Smithsonian / CCN-Data-Library

The Coastal Carbon Network Data Library: An open-source database featuring carbon data from tidal wetlands around the world
https://serc.si.edu/coastalcarbon
4 stars 2 forks source link

Version 1.1.0 Updates #86

Closed jaxinewolfe closed 7 months ago

jaxinewolfe commented 10 months ago

Issue to document and resolve database updates for the release of Version 1.1.0

jaxinewolfe commented 8 months ago
Synthesis QAQC Results 11-10-2023 n test result
1 Core ID uniqueness Check the following core_id(s) in the core-level data: 2B, 305, 398, 399, DJI_Djirnda_1, DJI_Djirnda_4, DJI_Djirnda_5, FURO_Furo Grande_1, FURO_Furo Grande_2, FURO_Furo Grande_3, FURO_Furo Grande_4, FURO_Furo Grande_5, FURO_Furo Grande_6
2 Valid core ID links in core table No core ID in depthseries table: WBWA1109_01PU, WBWA1109_02PU, WBWA1109_03PU, WBWA1109_04PU, NSOR1209_01PU, NSOR1209_02PU, NSOR1209_03PU, NSOR1209_04PU, NBOR1409_01PU, NBOR1409_02PU, NBOR1409_03PU, Copertino_unpublished_1
3 Valid core ID links in depthseries table No core ID in core table: PB1
4 Test coordinate uniqueness 1038 sets of coordinates are associated with more than one core. Check 'data/QA/duplicate_coordinates.csv'
5 Validity of column names in depthseries table Undefined columns: date, pb210_crs_age, pb210_crs_age_sd
6 Validity of column names in cores table Undefined columns: geomorphic_id
7 Validity of column names in sites table Passed
8 Validity of column names in species table Passed
9 Validity of column names in impacts table Passed
10 Validity of column names in methods table Undefined columns: ground_or_sieved_flag, pb210_background_assumption
11 Validity of column names in study_citations table Undefined columns: keywords, day, issn, abstract, eprint, article-number
12 Validity of variable names in depthseries table Undefined variables: dredge horizon
13 Validity of variable names in cores table Undefined variables: subplot, plot, WGS84, riverine, palustrine, deltaic, brackish to fresh, bracish to saline, other, unvegetated, mudflat, scrub/shrub, peatland, hummock, hollow, river's edge, plain, submerged subtidal
14 Validity of variable names in sites table Undefined variables: palustrine, unvegetated
15 Validity of variable names in species table Passed
16 Validity of variable names in impacts table Undefined variables: degraded, storm or wind, disturbed, restoring, managed, canalled, Intact, Degraded, Plantation, Restoration
17 Validity of variable names in methods table Undefined variables: PVC tube or thin-walled metal tube, shovel, shovel core, polycarbonate tube, duplicate measurements, duplicate measurements, ground and sieved, not specified, total carbon difference after LOI, not specified, not specified, selected intervals
18 Validity of variable names in study_citations table Undefined variables: primary source
jaxinewolfe commented 8 months ago

Hello @HolmquistJ @cheneyr @BettsH ,

I am creating this issue so we can all be on the same page about the progress we make towards this next database update. I posted the results of the most recent synthesis test run above (running at 8100+ cores now!). There are certainly some things to resolve, but I think we're well on our way to a great update.

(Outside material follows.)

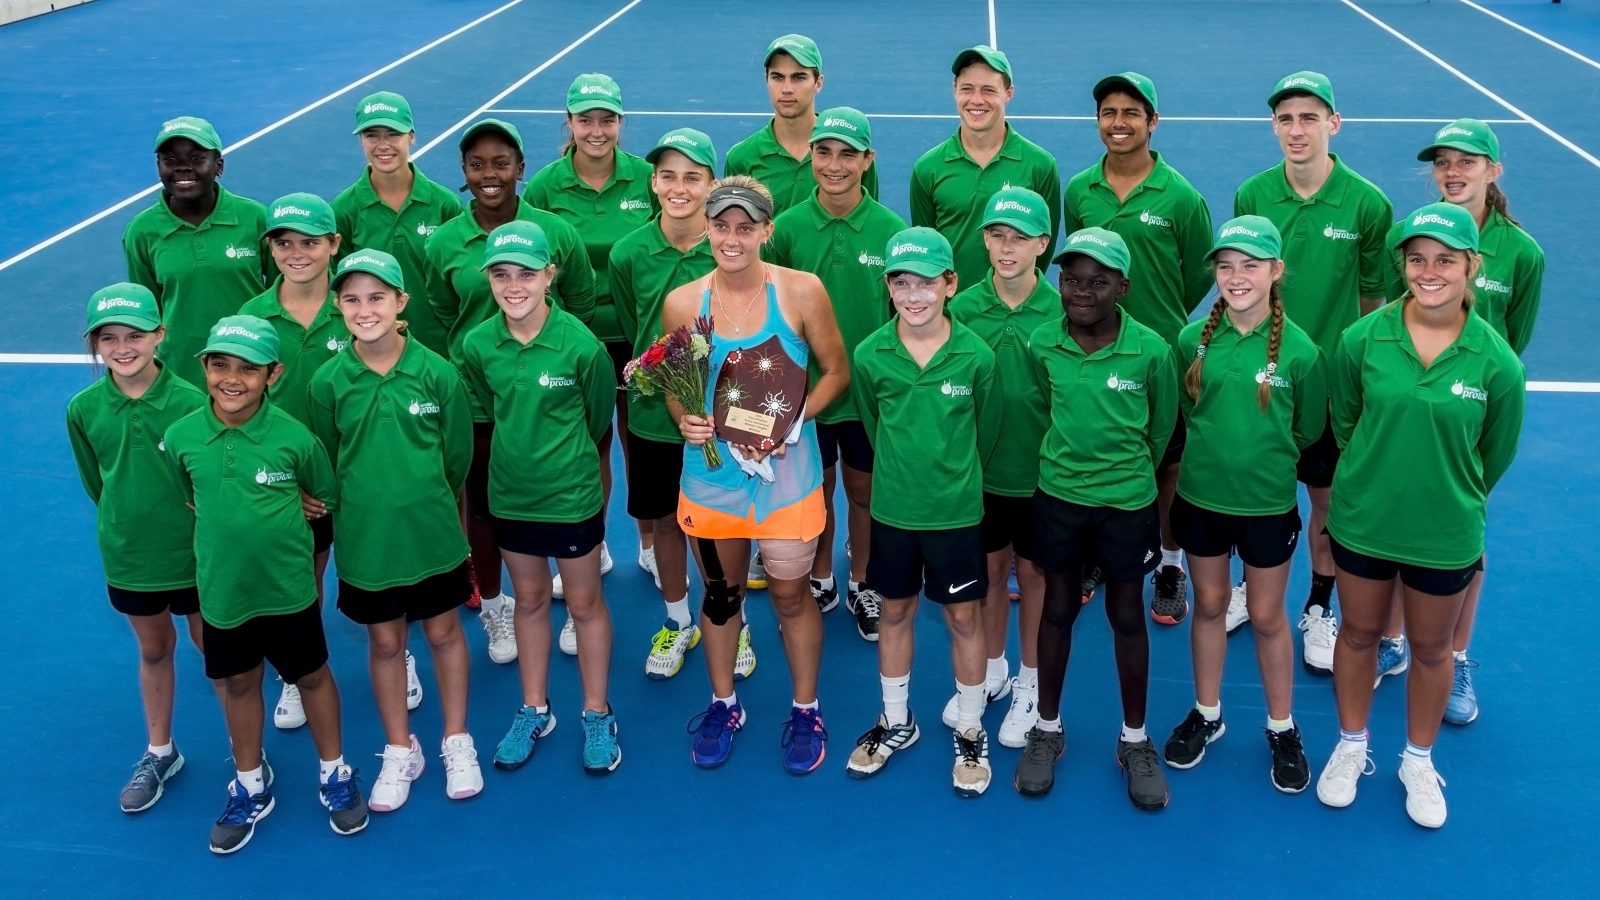 Finals Day Playford Tennis Centre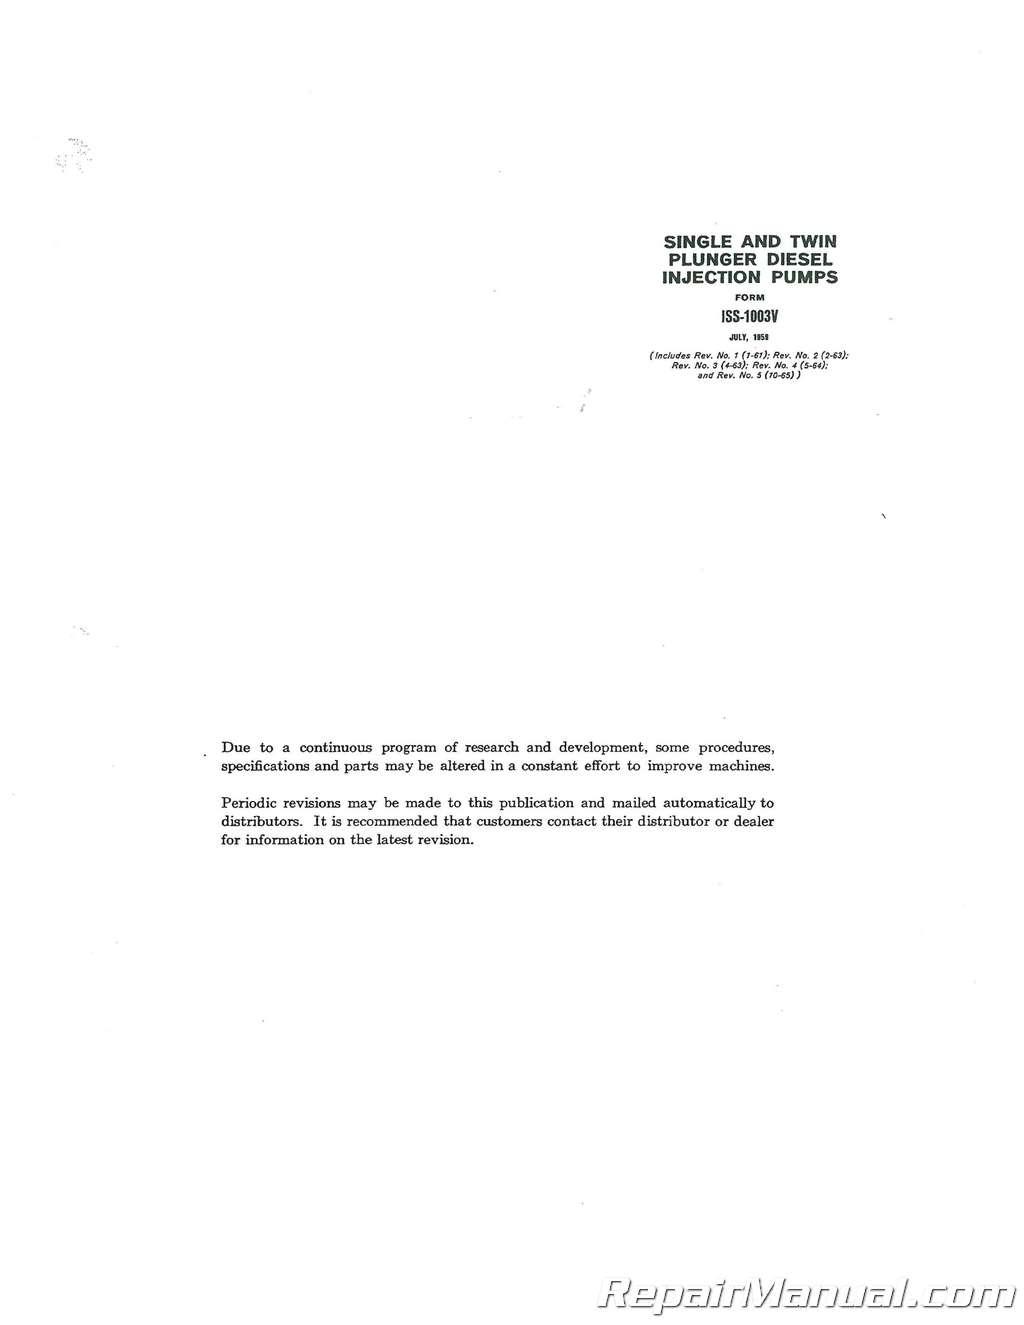 International Harvester TD-9 Crawler Diesel Pump Bosch Service Manual

To speak to a few of these:

  1. The combination of study, site, and core ID will make these unique, but we can track these down if we need to and make them more unique (low priority I'd say)
  2. Studies with core IDs missing from depthseries table: Turck_2014, Peck_et_al_2020, Marot_et_al_2020, and Copertino_unpublished (I think we just need to remove this last one)
  3. Thom_1992 has one core documented which is not in the depthseries

For undefined attributes and variables, some of these are new, and some have been hanging around. We may think about having a hackathon to work through some of these updates that require more team-based discussion. Edit: uncontrolled variables will be added readily (while avoiding redundancy). New attributes (most of which are related to dating) warrant further discussion.

Other thoughts and goals for the update:

Study-specific observations:

Studies with modeled fraction carbon values: (check off once the values have been removed)

jaxinewolfe commented 8 months ago

@HolmquistJ I noticed that the following cores have something fishy going on with their depths. In every case, the total of all the sampled intervals (0-1, 1-2, 2-3cm etc) ends up being greater than the maximum depth of the core taken. What do you think about this?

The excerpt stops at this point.